To do
Here the job is to repeat the listing exactly, but not the pictures in it.
(Beginning of Data provided)
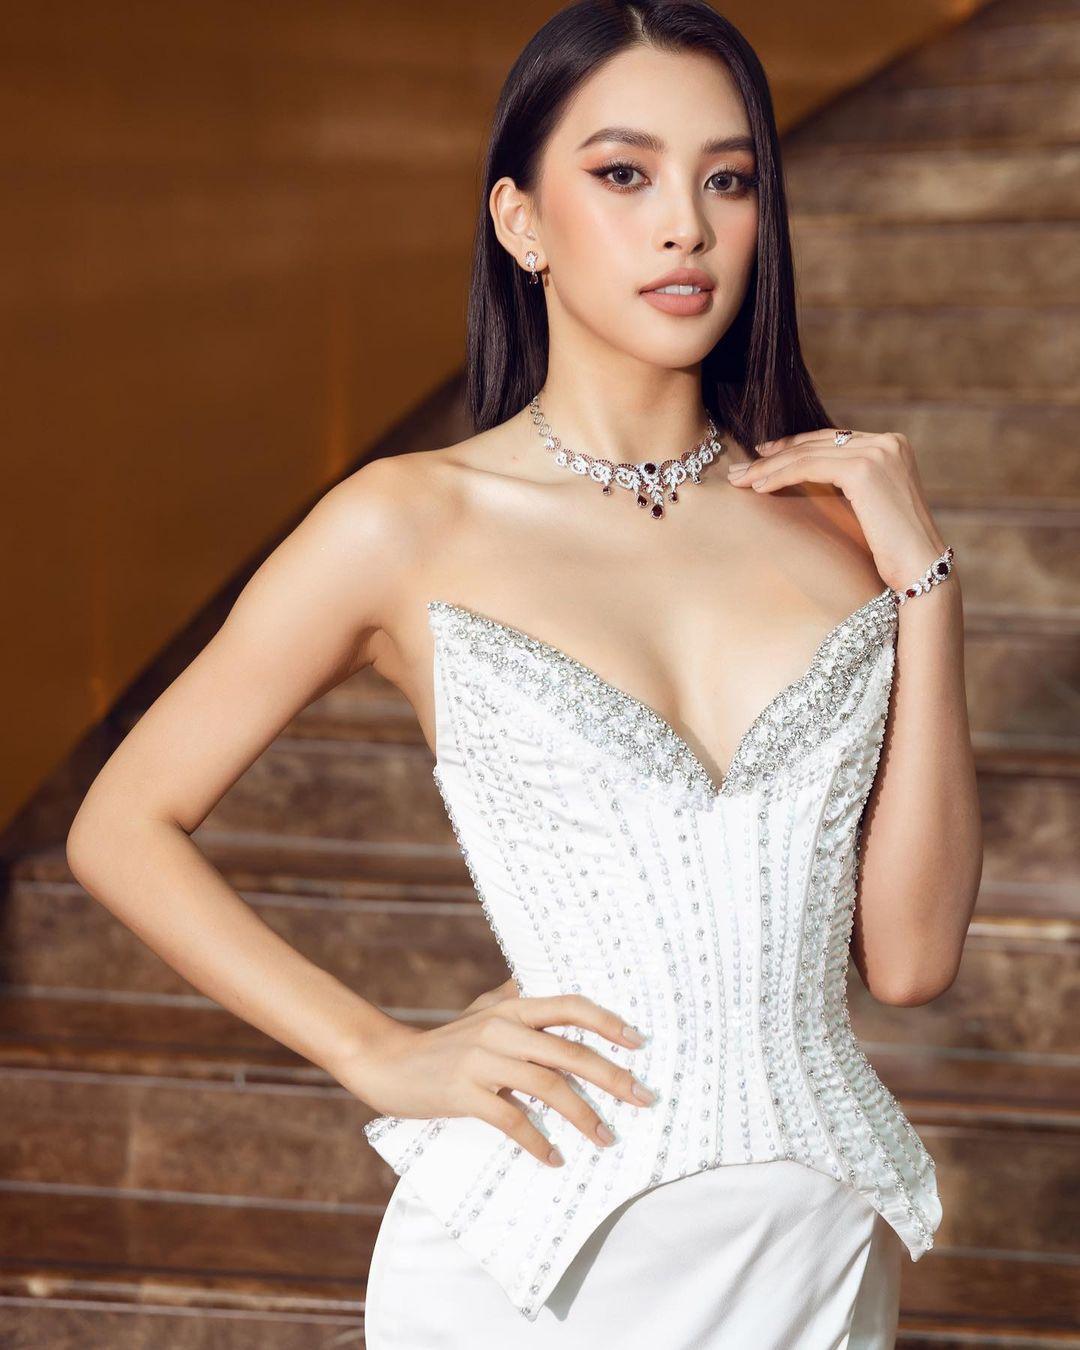 Hoa hậu Tiểu Vy phản hồi về việc mặc gợi cảm quá mức Ảnh 2
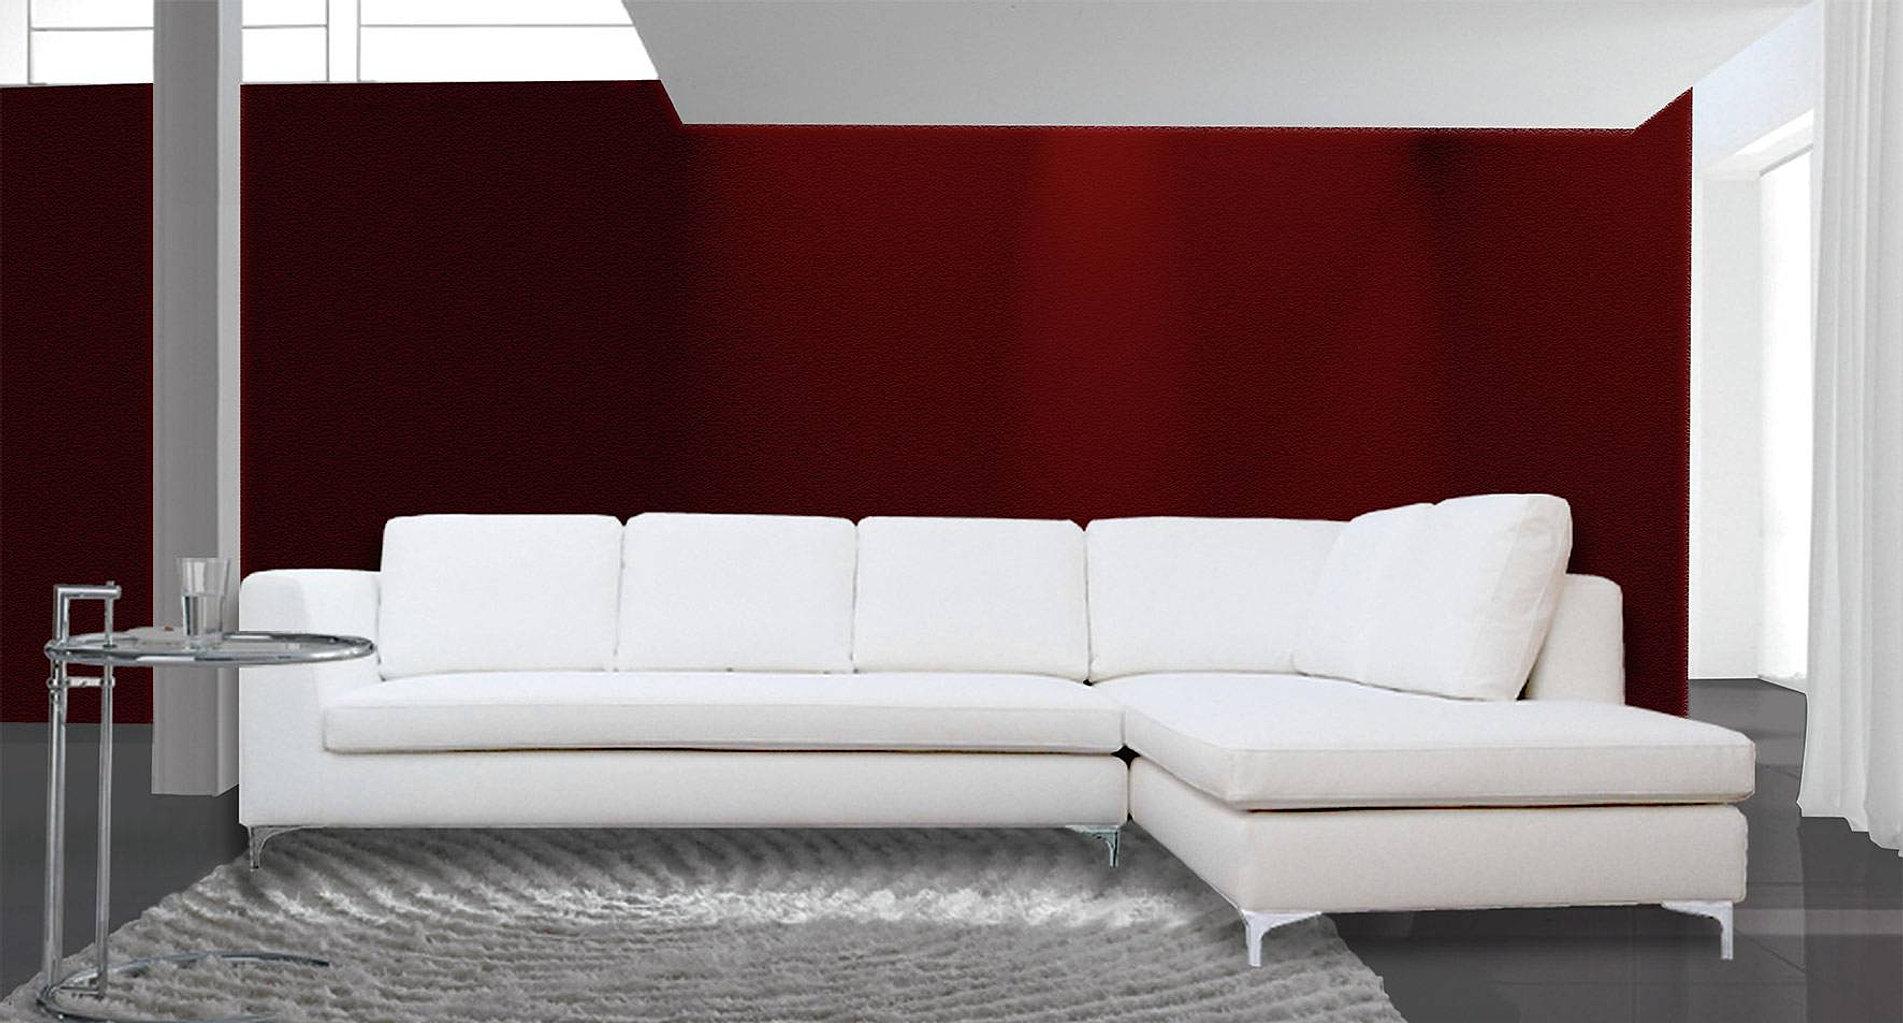 Movistar divano luna - Facciamo saltare i bulloni a questo divano ...
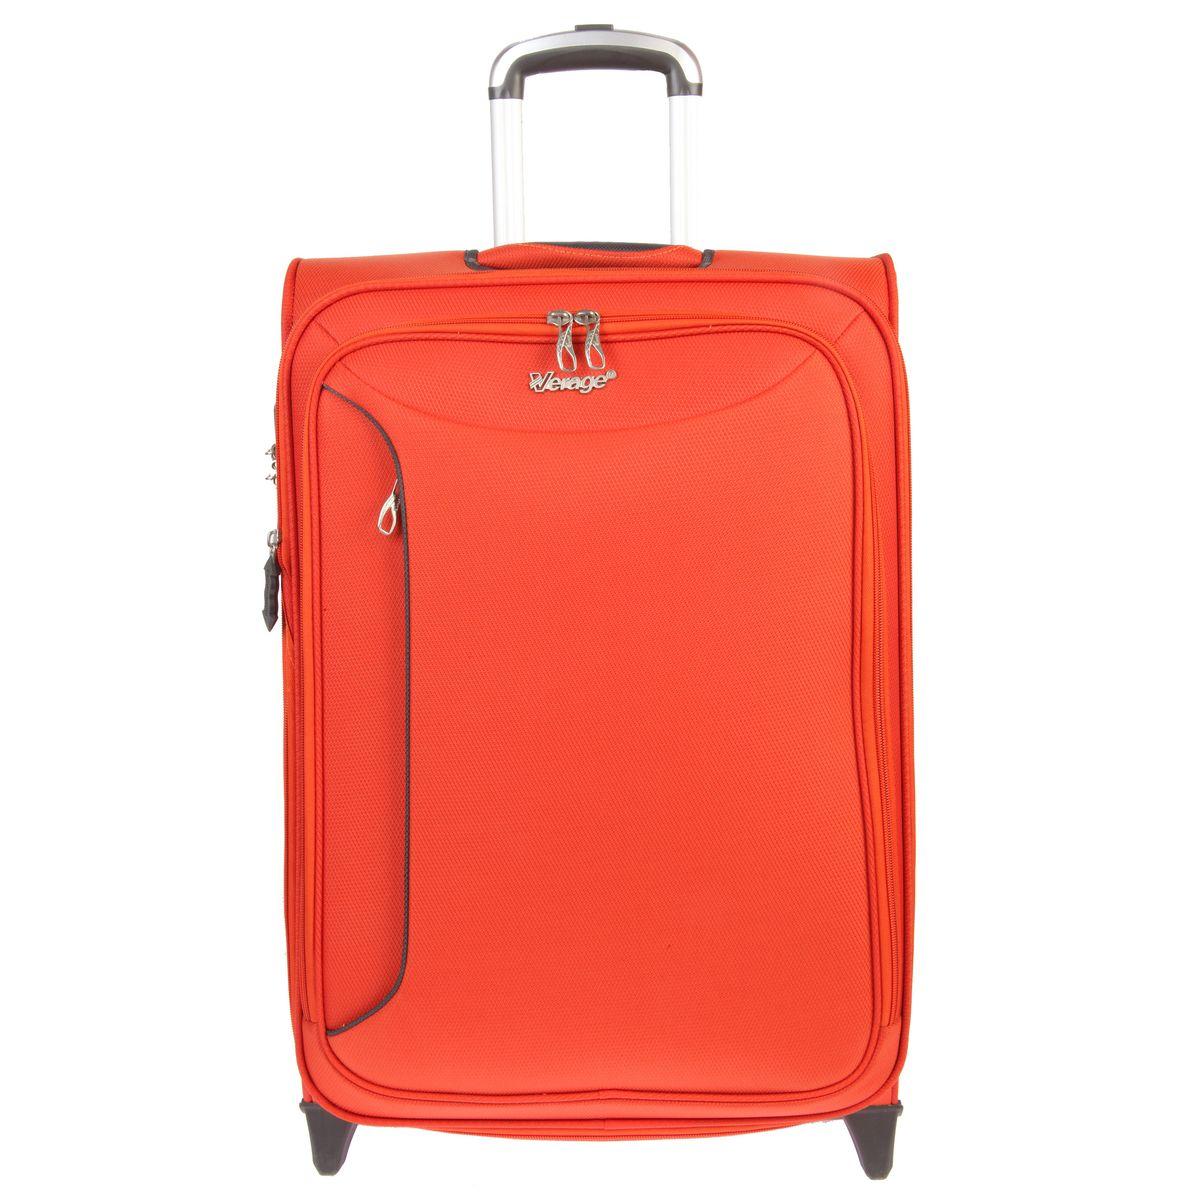 Чемодан-тележка Verage, цвет: оранжевый, 58 л. GM12091T 24PH8368yellowЧемодан-тележка Verage оснащен верхней ручкой и двумя колесиками для удобства транспортировки. Закрывается по периметру на двухстороннюю молнию. Внутри один отдел для одежды и один сетчатый карман на молнии. Снаружи на передней стенке расположены два кармана на молнии. За счет молнии возможно увеличить объем на 20%. Имеется дополнительно встроенный кодовый замок с функцией TSA. Сверху также расположена выдвижная ручка высотой 46 см.
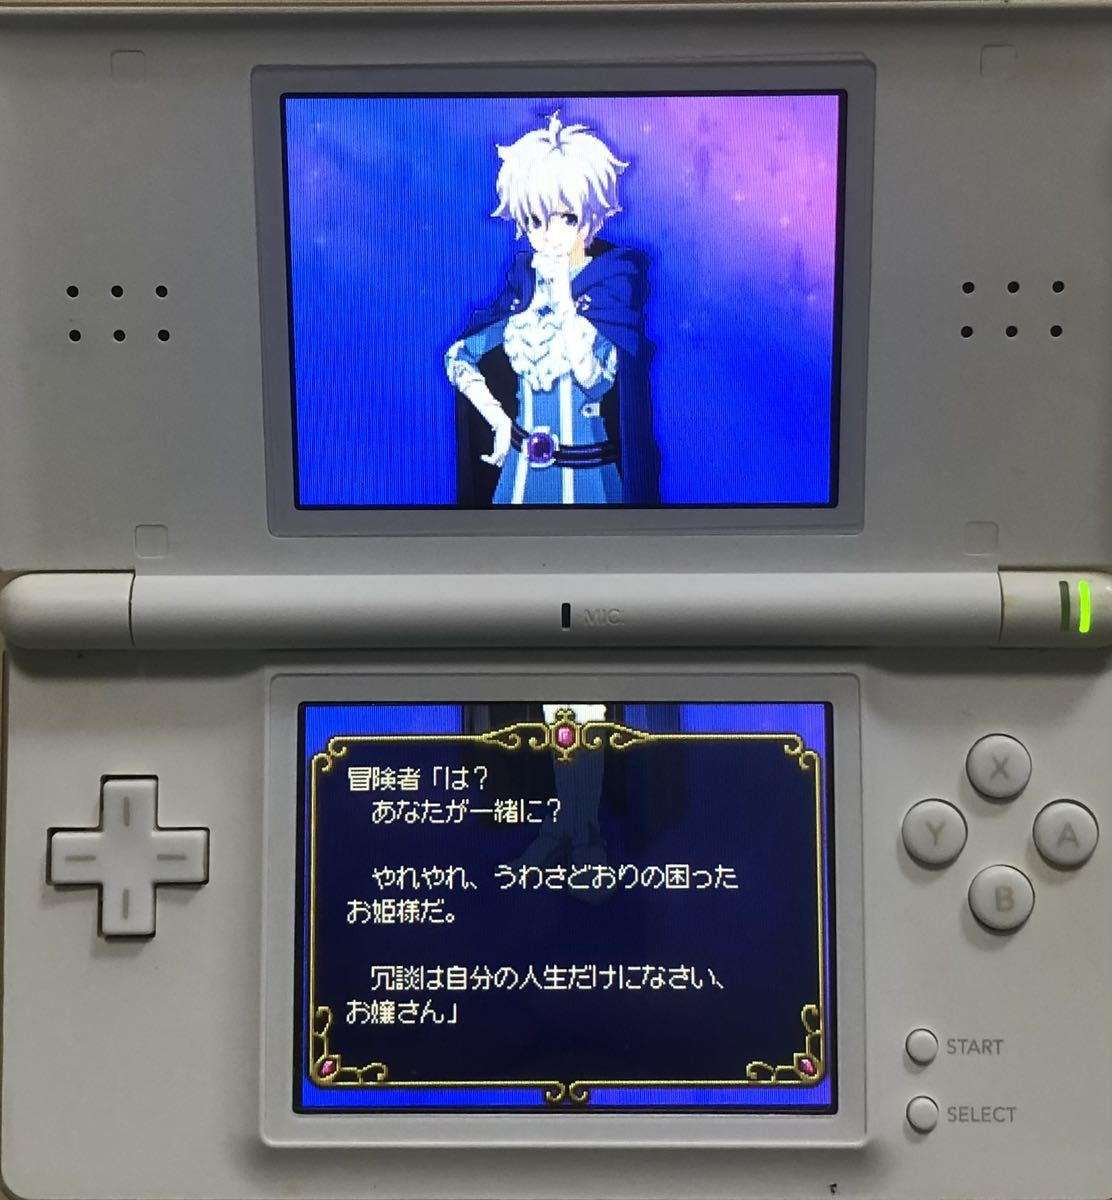 【動作良好】 DS 世界はあたしでまわってる ニンテンドーDS NINTENDO ゲームソフト カセット *動作確認画像有り
(End of Data provided)
The answer
 Hoa hậu Tiểu Vy phản hồi về việc mặc gợi cảm quá mức Ảnh 2
 Movistar divano luna - Facciamo saltare i bulloni a questo divano ...
 Чемодан-тележка Verage, цвет: оранжевый, 58 л. GM12091T 24PH8368yellowЧемодан-тележка Verage оснащен верхней ручкой и двумя колесиками для удобства транспортировки. Закрывается по периметру на двухстороннюю молнию. Внутри один отдел для одежды и один сетчатый карман на молнии. Снаружи на передней стенке расположены два кармана на молнии. За счет молнии возможно увеличить объем на 20%. Имеется дополнительно встроенный кодовый замок с функцией TSA. Сверху также расположена выдвижная ручка высотой 46 см.
 【動作良好】 DS 世界はあたしでまわってる ニンテンドーDS NINTENDO ゲームソフト カセット *動作確認画像有り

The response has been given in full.